Two Thumbs Down - End All Be All

Goalie Fight played with Two Thumbs Down in D.C. at The Pocket above 7Drum City. I owe them a huge favor for making sure we got paid at the end of the night and were able to afford gas after our North Carolina show fell through (this album review is not that favor).

First and foremost, End All Be All is my gold standard for broke-band DIY album packaging. The cheapest, thinnest jewel case they could find still holds up better on a shelf than many digipaks. The disk may be a burned Memorex, but at least they bothered to write the band name and album name on it.
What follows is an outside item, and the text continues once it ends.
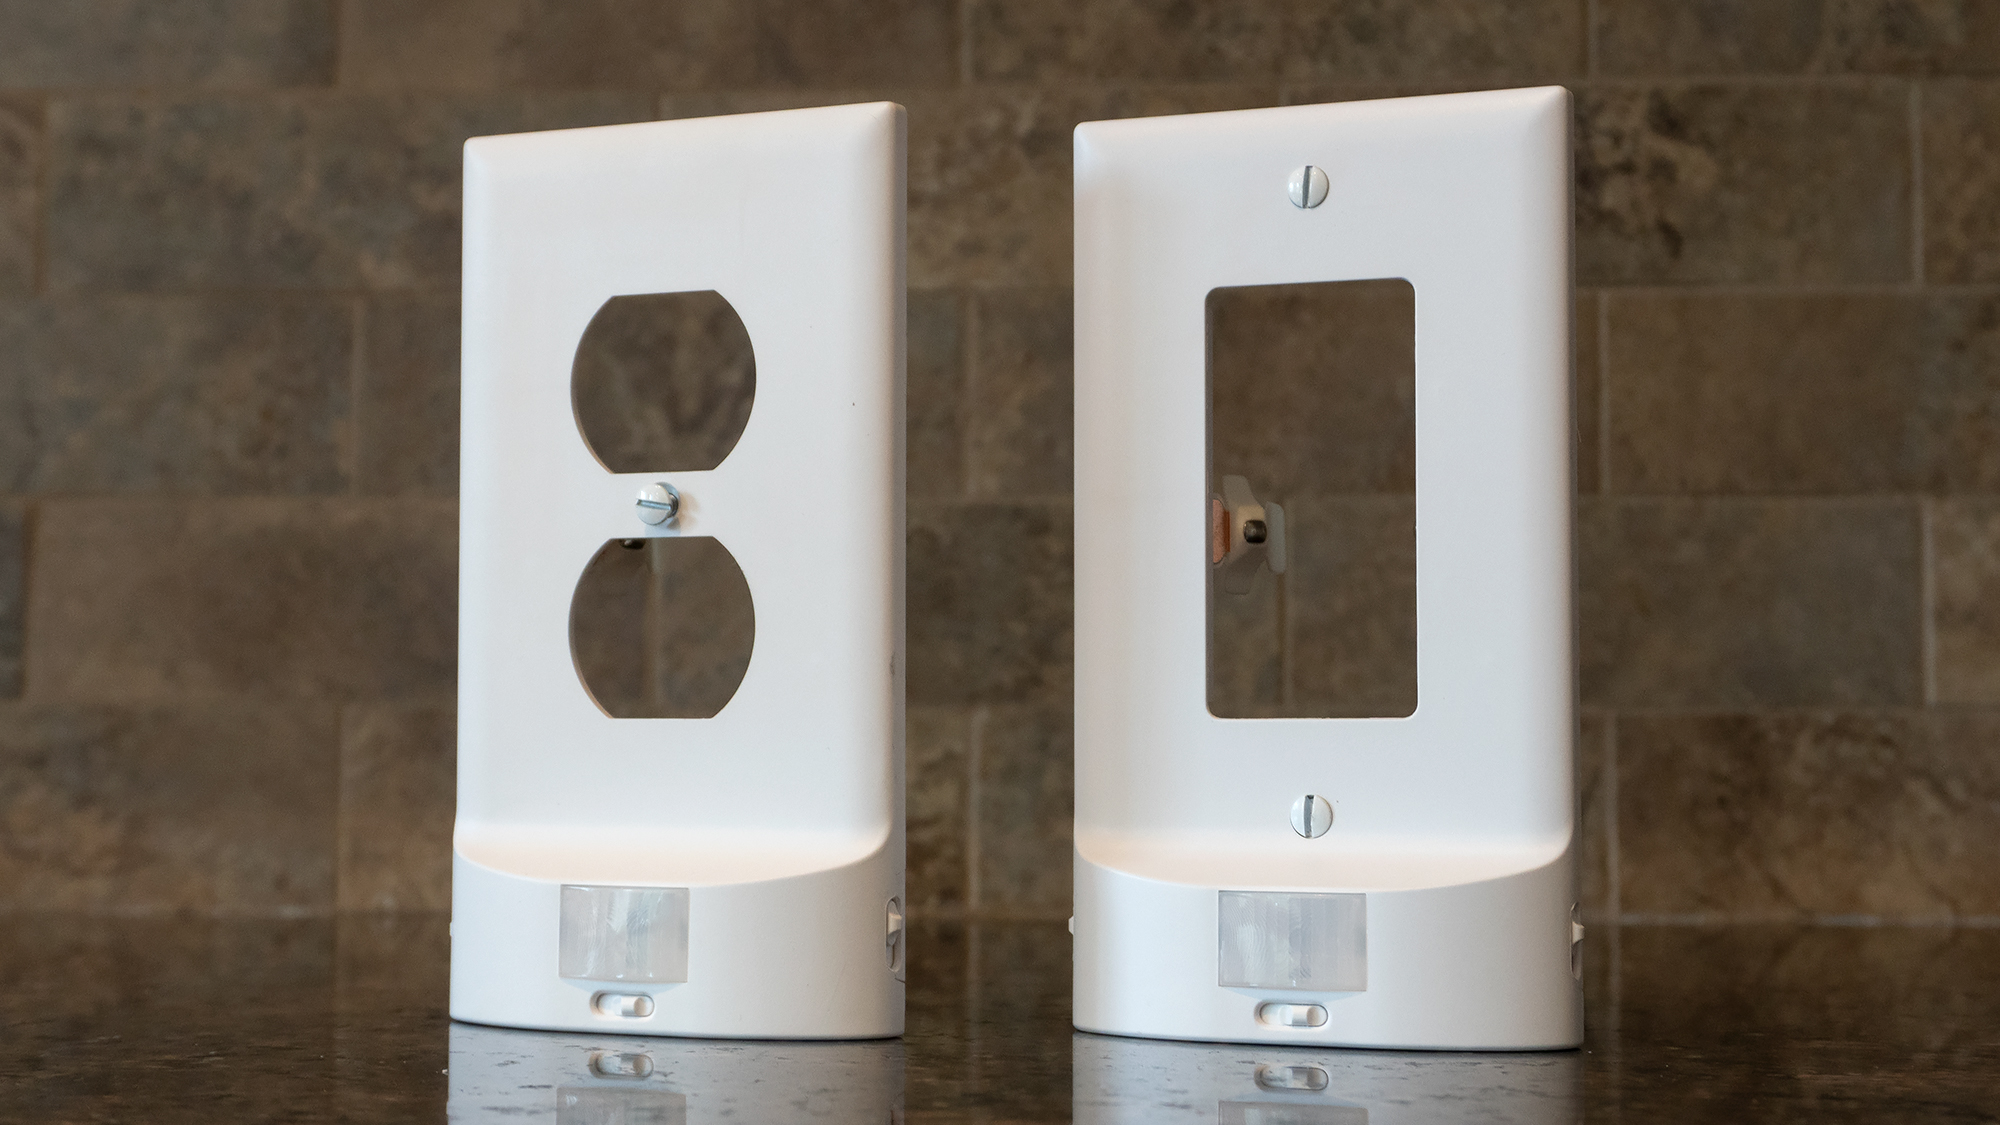 There are three versions of the SnapPower ConnectLight available: Duplex style (left), Decor style (right), and GFCI (not pictured) for bathrooms and kitchens.  (Photo: Andrew Liszewski/Gizmodo)

The two-sided insert has all the track names and credit, some cute sketches, and a lovely watercolor cover. I can see the slight wobble on the edges of a pair of scissors cutting out fifty of these so they have something to sell at their shows.

This album is punk rock in the sense that the performers are punks and they are rocking out. It’s melodic, but more in a musical-theatre way than a pop-punk way. It also avoids most of the lyrical pitfalls that could have come with that. It’s wordy, thoughtful, and specific, but never too freewheeling for its own good. Lots of Bomb The Music Industry influence here. Some sax but no keyboards. It occurs to me that Jeff Rosenstock does the same thing for punk rock that Paul McCartney did for late-period Beatles, sneaking “granny music” influences back into a genre that had seemingly outgrown them. There’s plenty of not-quite-skacore on “Vs. the World” and “No Future”, particularly a raucous “DA DA DA DA” gang vocal.

Some albums are the ultimate expression of an artist’s voice, but this one feels more like an advertisement for the live show. Every song on here is fine tuned for audience freakouts, microphone grabs, and singalongs. As they put so succinctly in the opener “Skyline”, “All I wanna do is rip a sick-ass gig again”. The mix is dynamic, but the drums and guitars are playfully trashy when they get loud. The vocals are damn catchy, even if the male vocals are mixed a little quietly. In short - this is oozing with homemade charm, and leaves you wanting more at under 25 minutes. Combat was the DMV DIY band that popped off nationally last year, and I hope these guys are next up.

End All Be All by Two Thumbs Down is a good album, and I like it.